Task description — Copy the data exactly; pictures stay out of the copy.

Exercise data —
──────────
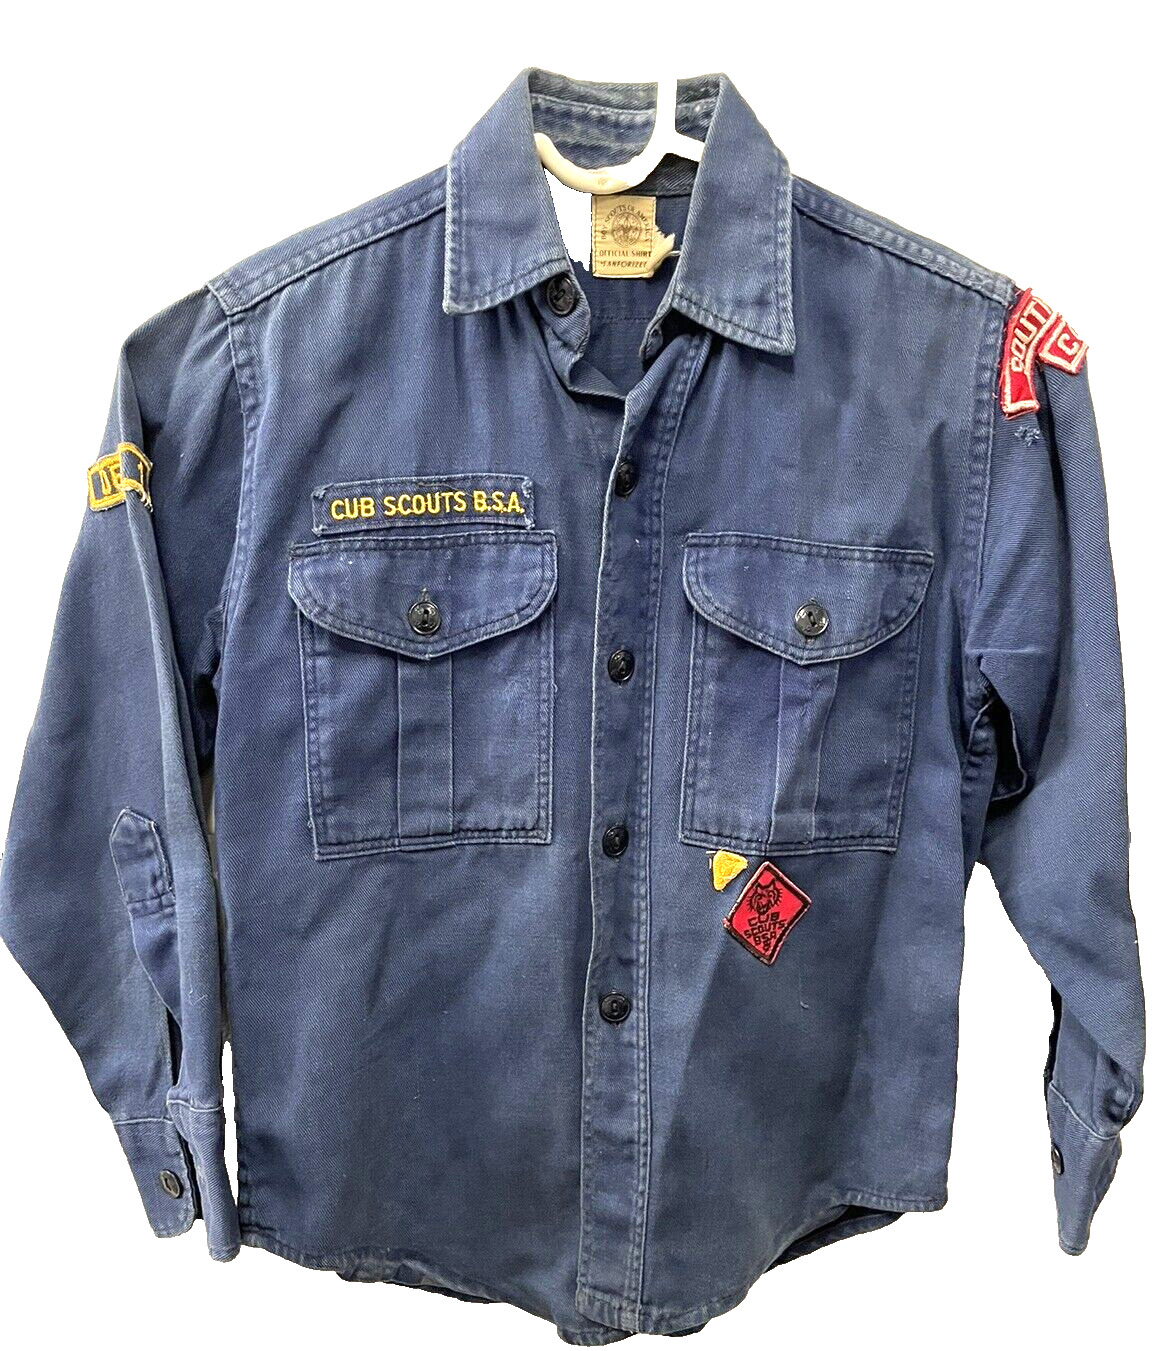 BSA Vintage Cub Scout Uniform Shirt with Patches Southing Conn. 34
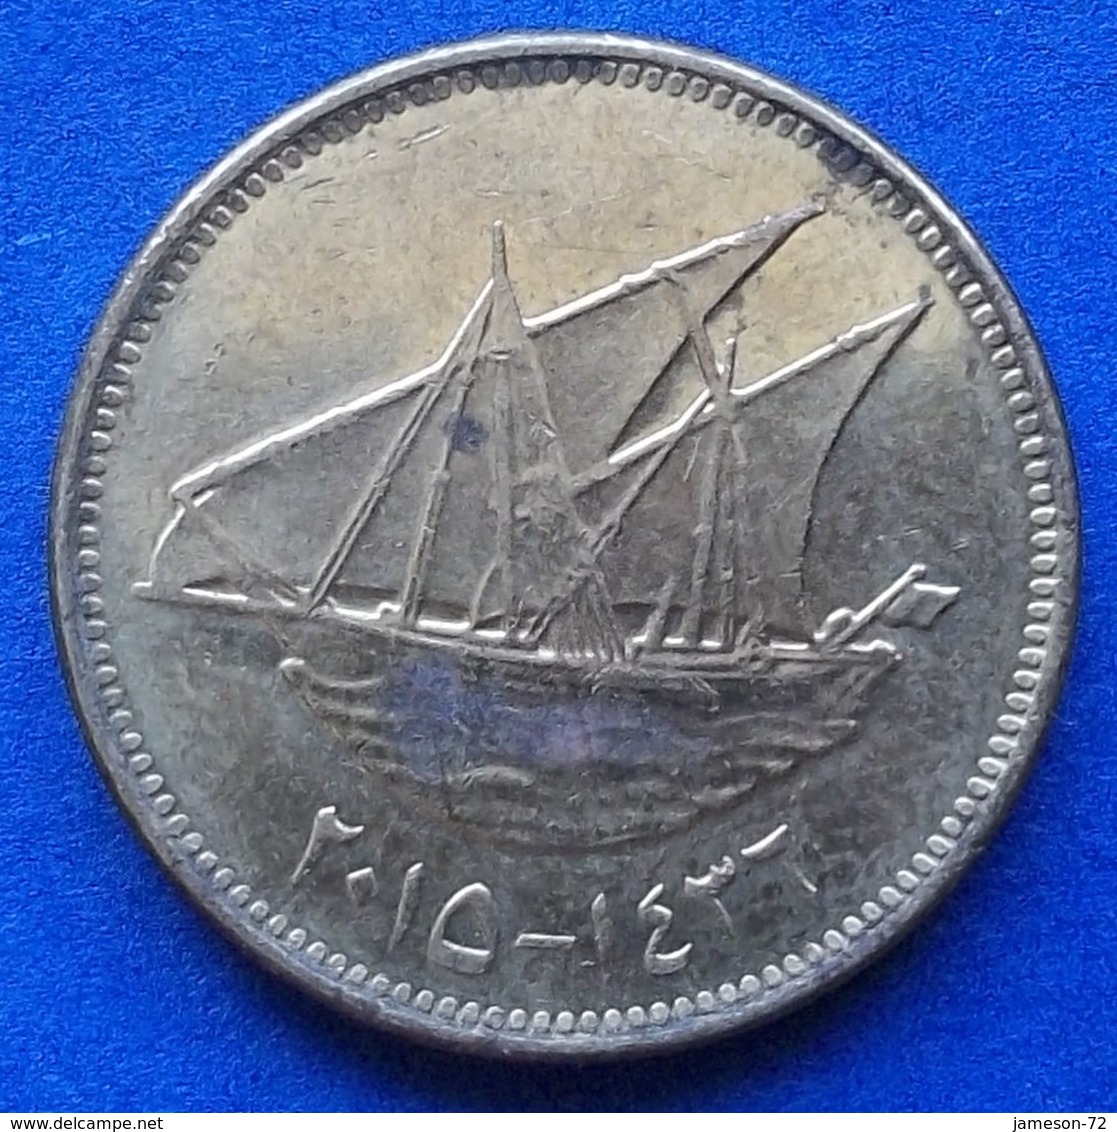 KUWAIT - 10 Fils AH1436 2015AD KM# 11 Sovereign Emirate (1961) - Edelweiss Coins - Kuwait
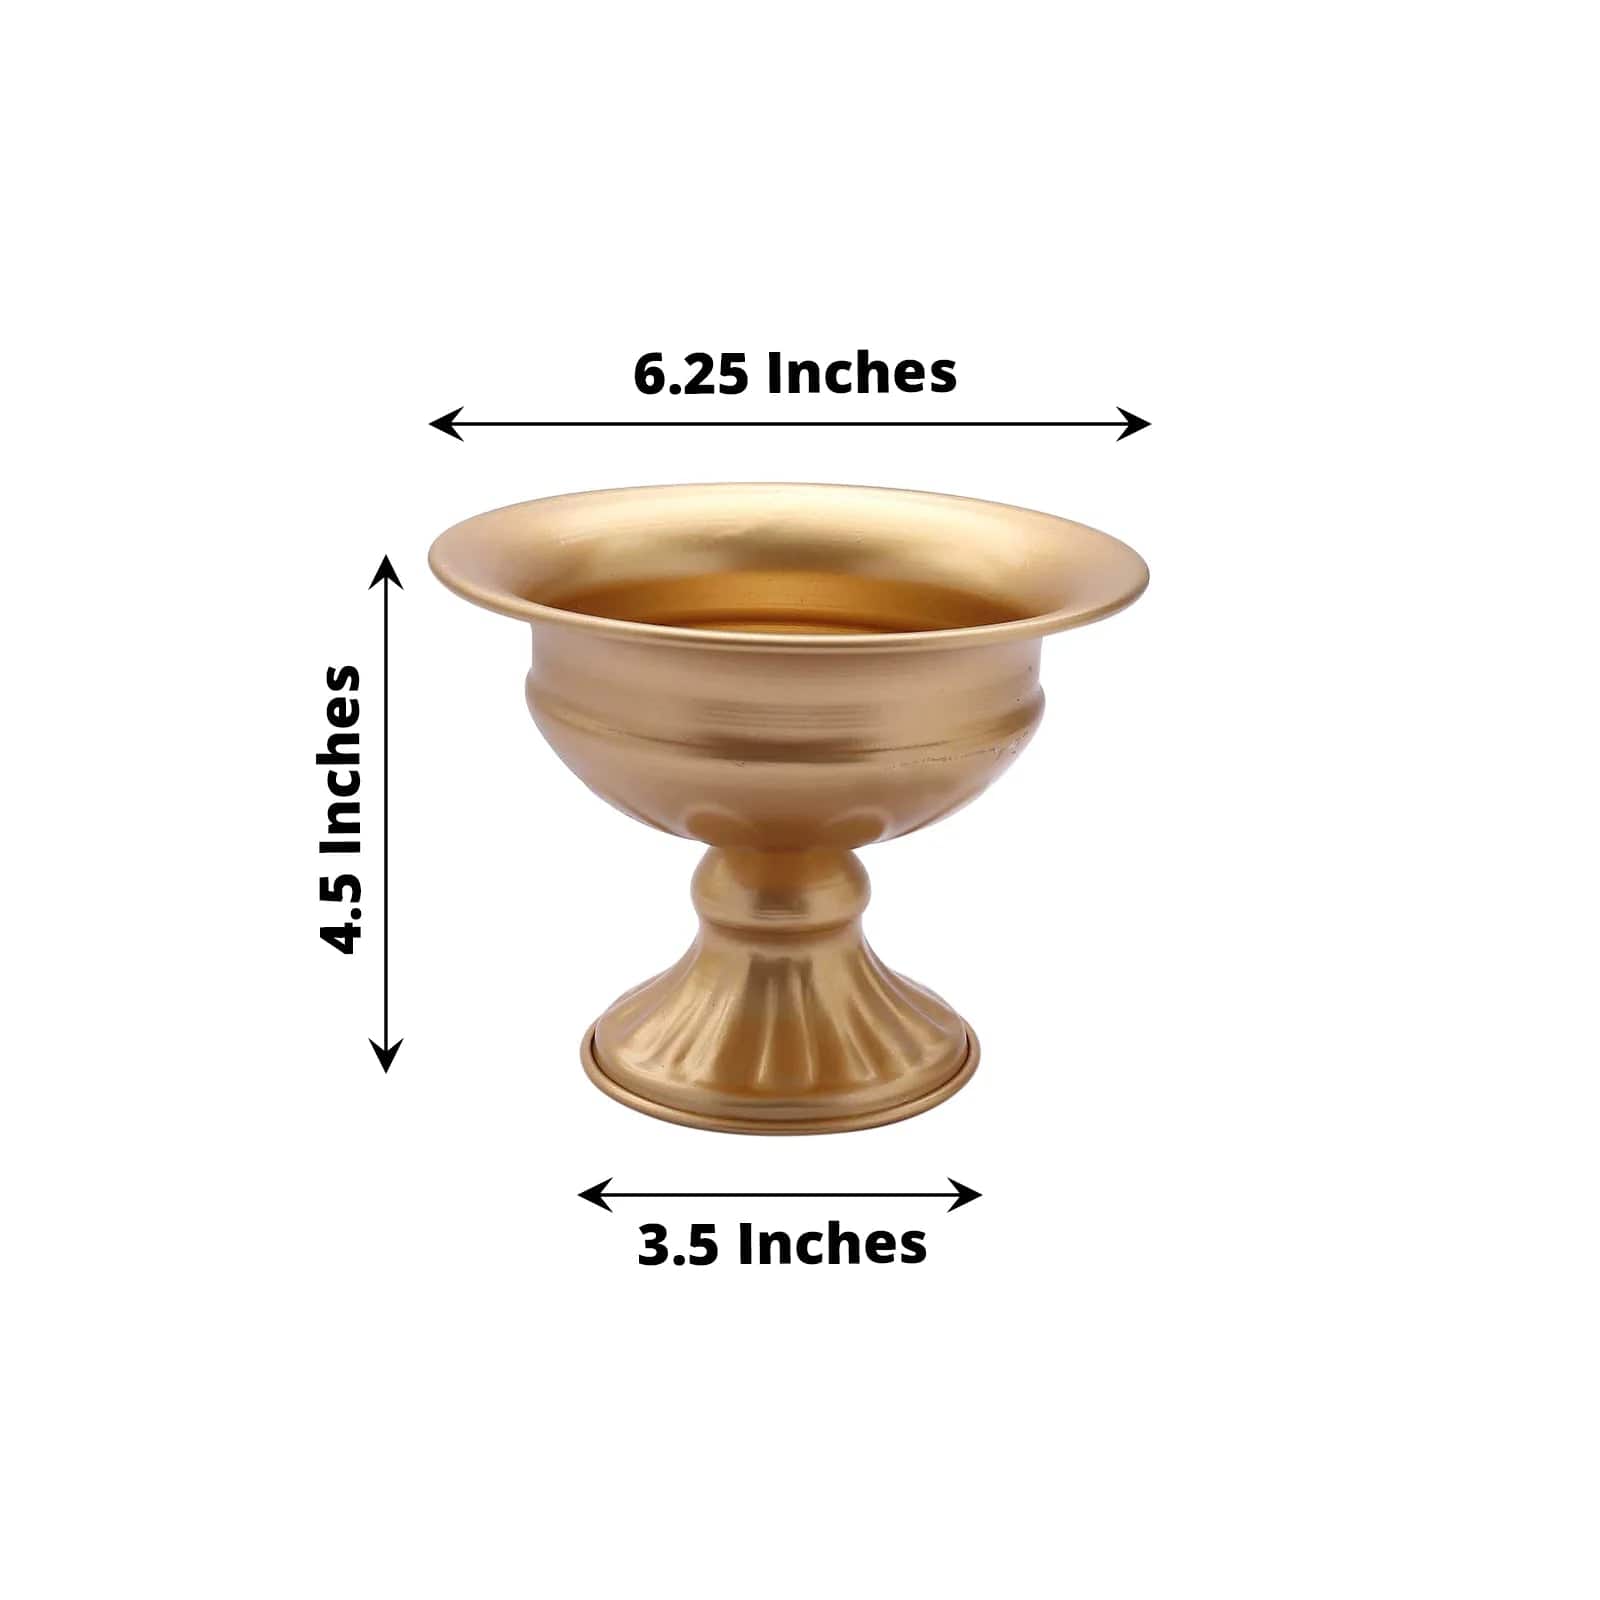 2 Gold 4 in Mini Compote Vases Wine Goblet Style Flower Pedestals Pots
──────────
Response to the task —
 BSA Vintage Cub Scout Uniform Shirt with Patches Southing Conn. 34
 KUWAIT - 10 Fils AH1436 2015AD KM# 11 Sovereign Emirate (1961) - Edelweiss Coins - Kuwait
 2 Gold 4 in Mini Compote Vases Wine Goblet Style Flower Pedestals Pots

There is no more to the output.